63056 Lower Meadow Dr. #120, Bend, OR 97701

Text/Call: 541.385.4985 | kristina@sortorkarate.com

Seth Newman

December 14, 2010

 

Seth Newman

Started training: September 2005

Tested for red belt: December 14, 2010 at age 16

 

It feels strange to sit down and write this at long last. I remember being a purple belt and wondering if I would ever stand here today and read this to you. But here I am, standing in front of you reading this after years of sweating and bleeding, after hundreds, most likely thousands, of classes and many, many hours spent training. The path to this test has been the most enjoyable experience of my life and it truly does make me sad to see it coming to a close. Obviously, I still have one more. The Big One. The Mountain. But that one is different. It's such a huge step up, the test itself and the training. I mean this when I say it, I'm looking forward to it very, very much.
 

The training to reach this point has been difficult but I can honestly say I have enjoyed every minute of it. I started training in September 2005. I was ten years old, shorter than Kristina, and had the punching power of an 80 year old woman. I wasn't the one who wanted to do Karate, my parents, literally forced me to join. I had no desire to join and if it was up to me I wouldn't have ever signed up. Another reason to listen to your parents. I had done Shorin-Ryu Karate for a little while, at my cousin’s dojo in Portland, where I lived before I moved to Bend. I enjoyed that but it wasn't exactly my "favorite thing.” So joining the dojo wasn’t exactly something I was very excited to do. I remember my first class at this school very well. Sensei telling me how we bow, doing blocks and punches, and doing self defenses. This was back in the day when Low #1 had a foot sweep. Not the single leg takedown. After that introductory lesson, I had a slight change of heart. I practically begged my parents to take me to class every night.
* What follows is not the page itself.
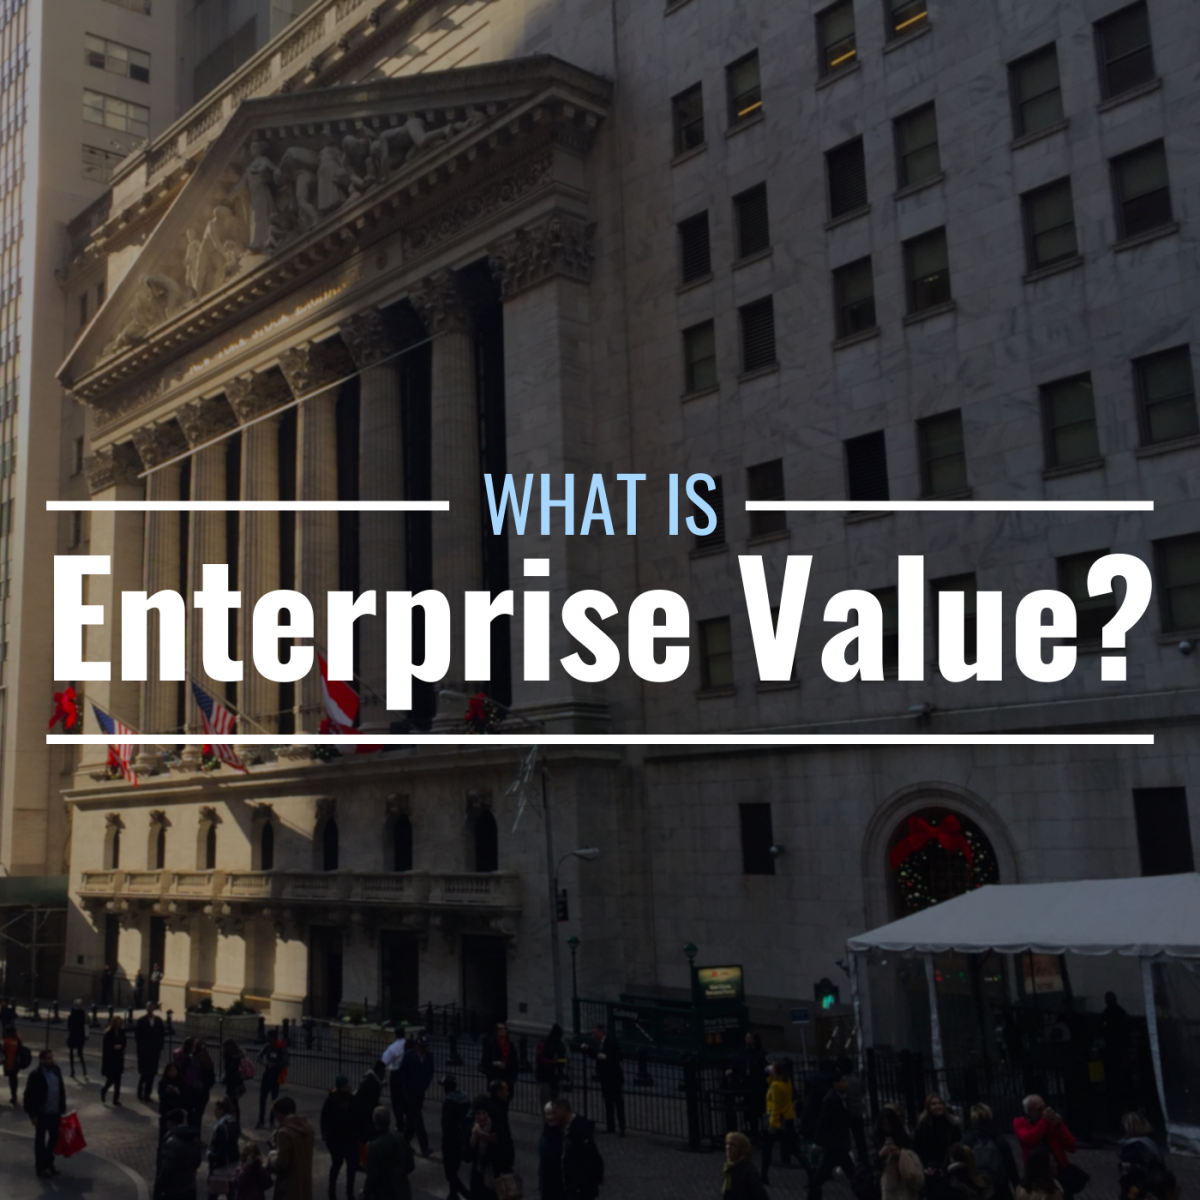 Photo of the New York Stock Exchange building on Wall Street with text overlay that reads "What Is Enterprise Value?"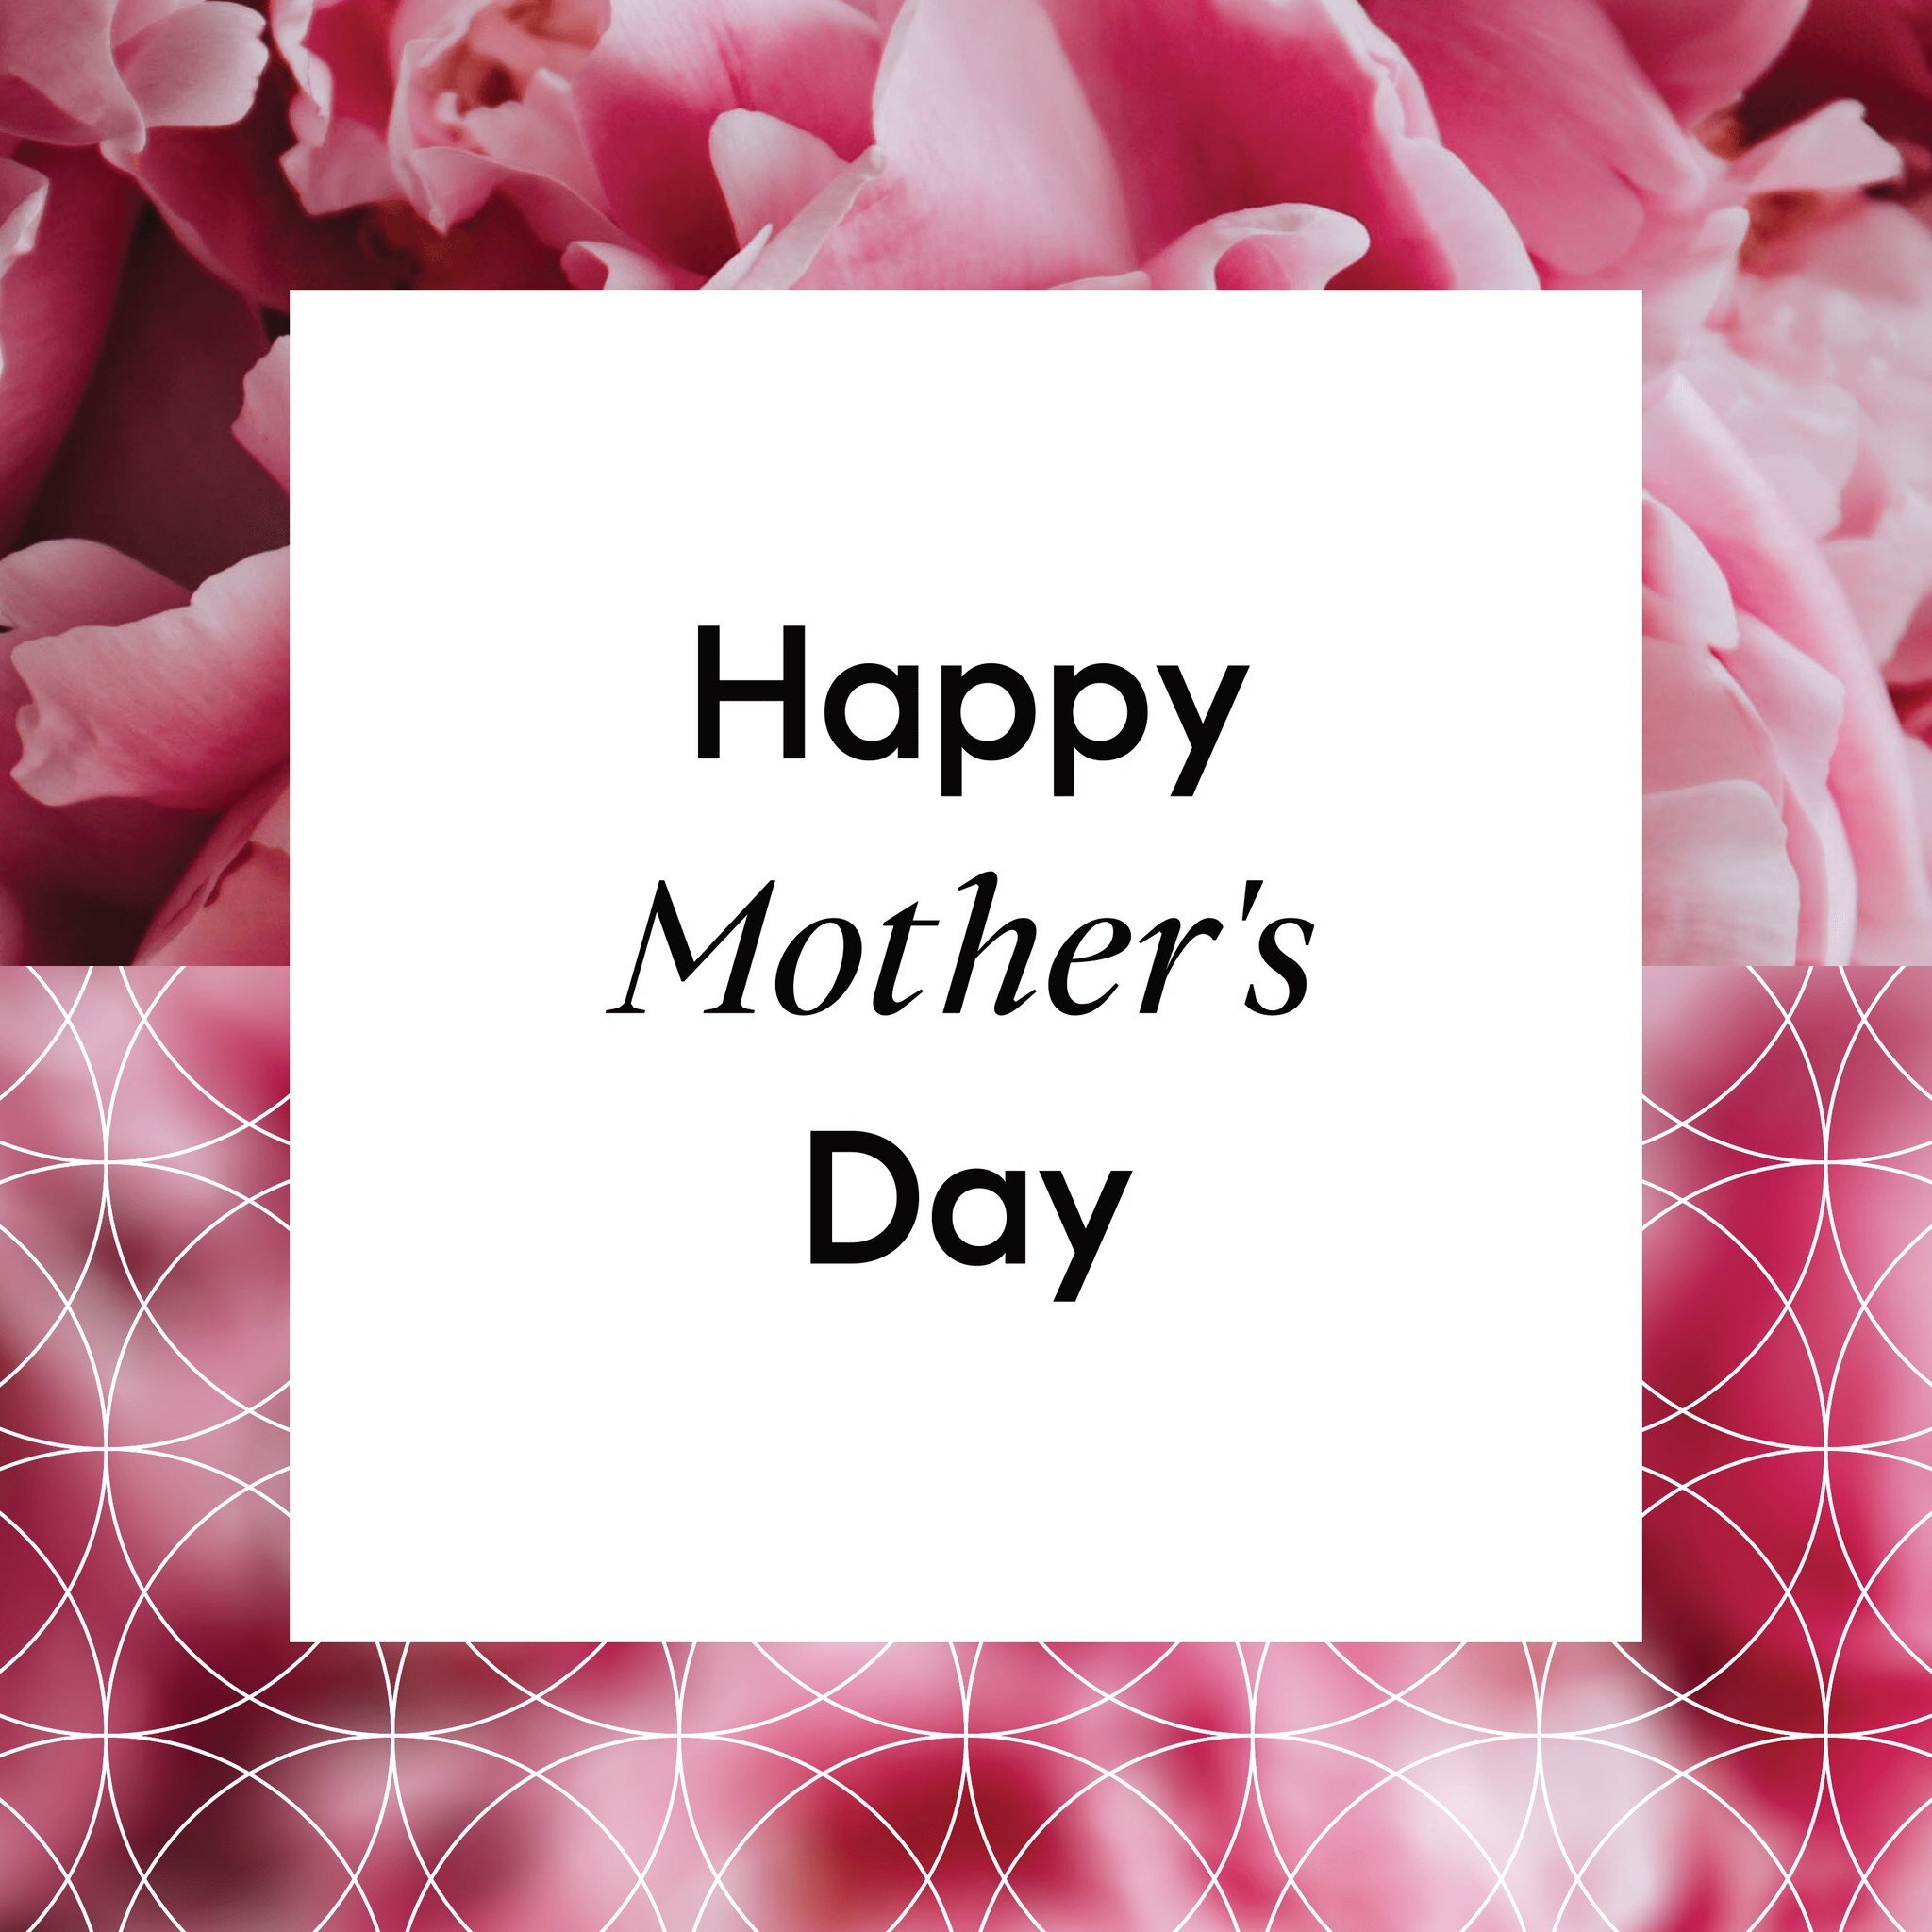 Whether near or far on this Mother&rsquo;s Day, we want to celebrate those who get the privilege to work alongside their very own. At Compass, here are a few words that the mothers who pull double duty as parents and real estate agents embody. Leave

Those classes were like big private lessons due to the low number of students. I don't remember many classes as a white belt but I do remember a tiny bit of my test. I tested at the very first rank test in the dojo and have been the first one to test for each new belt, up until these last two. I remember doing jump front kicks on the mitts with Walker and Brett. And doing the kata with my eyes closed. I received my yellow belt along with ten or so other kids. And then after our test the adults tested. J-Rod, Kristina, Tim, Wendie, and a few others. They all made it through and so began yellow belt.
 

 

At my first yellow belt class I realized how different it was from white. I did partner side kicks with Brett, went over our new Japanese, and did the crescent kick line from Heian Sandan. I can't remember any classes after that but I do remember how much I absolutely loved yellow belt. The new katas were exciting and so were the new self defenses. I always thought it was so awesome that we had a knife defense. I went through the belt and it came time to test for blue. I can’t recall much of the test except for two moments. One was doing Japanese Kihons with Kaleb and Zach. They weren't doing so well and I was getting them correct so Sensei told me I could sit down. I remember feeling very proud of myself. The other thing I remember was my first encounter with a certain someone. Someone named Sensei Evan. A short bearded man with what appeared to be no muscle mass. I sure changed that opinion the first time he punched me. I remember sparring him and another student at the same time and thinking how much fun that was. This of course was back when I had a never ending gas tank. I remember getting my blue belt and so began the belt that everyone seems to dread.

 

I had heard from Sensei that most people quit at blue belt, which just made me twice as motivated to make it through. Blue belt was pretty much a blur but the one class I remember was when we were working on the sidekick/elbow line from Heian Yodan with Trevor. I still have an epic picture that Kristina took of me doing the kick. I also competed at my first tournament that year in Medford. I got a 1st, 2nd, and a 3rd place. I enjoyed that but it didn’t really do it for me. Perhaps my competitive nature hadn’t set in yet. I also remember how much I loved Heian Godan. Still to this day my favorite kata. It’s just one of those forms that makes me feel like a total ninja when I perform it. Blue belt was the most enjoyable belt for me. I loved the katas, self defenses, and hook kick. To this day my favorite and, in my not so humble opinion, most technically sound kick. I don't remember anything whatsoever of the purple belt test. I did pass and was very happy that I wasn't one of those people who didn't make it past the blue belt of death.

 

Purple belt was interesting. For the first time I had to make up my own self defenses and had my first encounter with Bossai Sho. A kata which still gives me fits. Also that year something very devastating happened. My Sensei's Sensei, Stuart Quan, passed away. I remember I was at class one night and Sensei looked awful. None of us knew what had happened. When we lined up at the end of class Sensei told us. There were gasps of surprise, Sensei broke out in tears, and left to the back room. He didn't come out so Kristina had to teach the remaining classes. I remember feeling so awful for Sensei. I imagine it felt like he had lost his father. And I also felt sad myself that I never got to meet him and he would never be able to watch one of my tests. It was a heartbreaking moment for the entire school and I don’t think I’ll ever forget that day. So continued the year and soon it was time to test. And once again, I don't remember anything from the purple two test. I don’t exactly know why I don’t remember most of these first few tests. It was probably due to my young age at the time. And even though while writing this I’ve brought a lot of testing memories back, they are so blurred together I wouldn’t be able to tell you which tests it was. But anyway, I passed, and so began purple two.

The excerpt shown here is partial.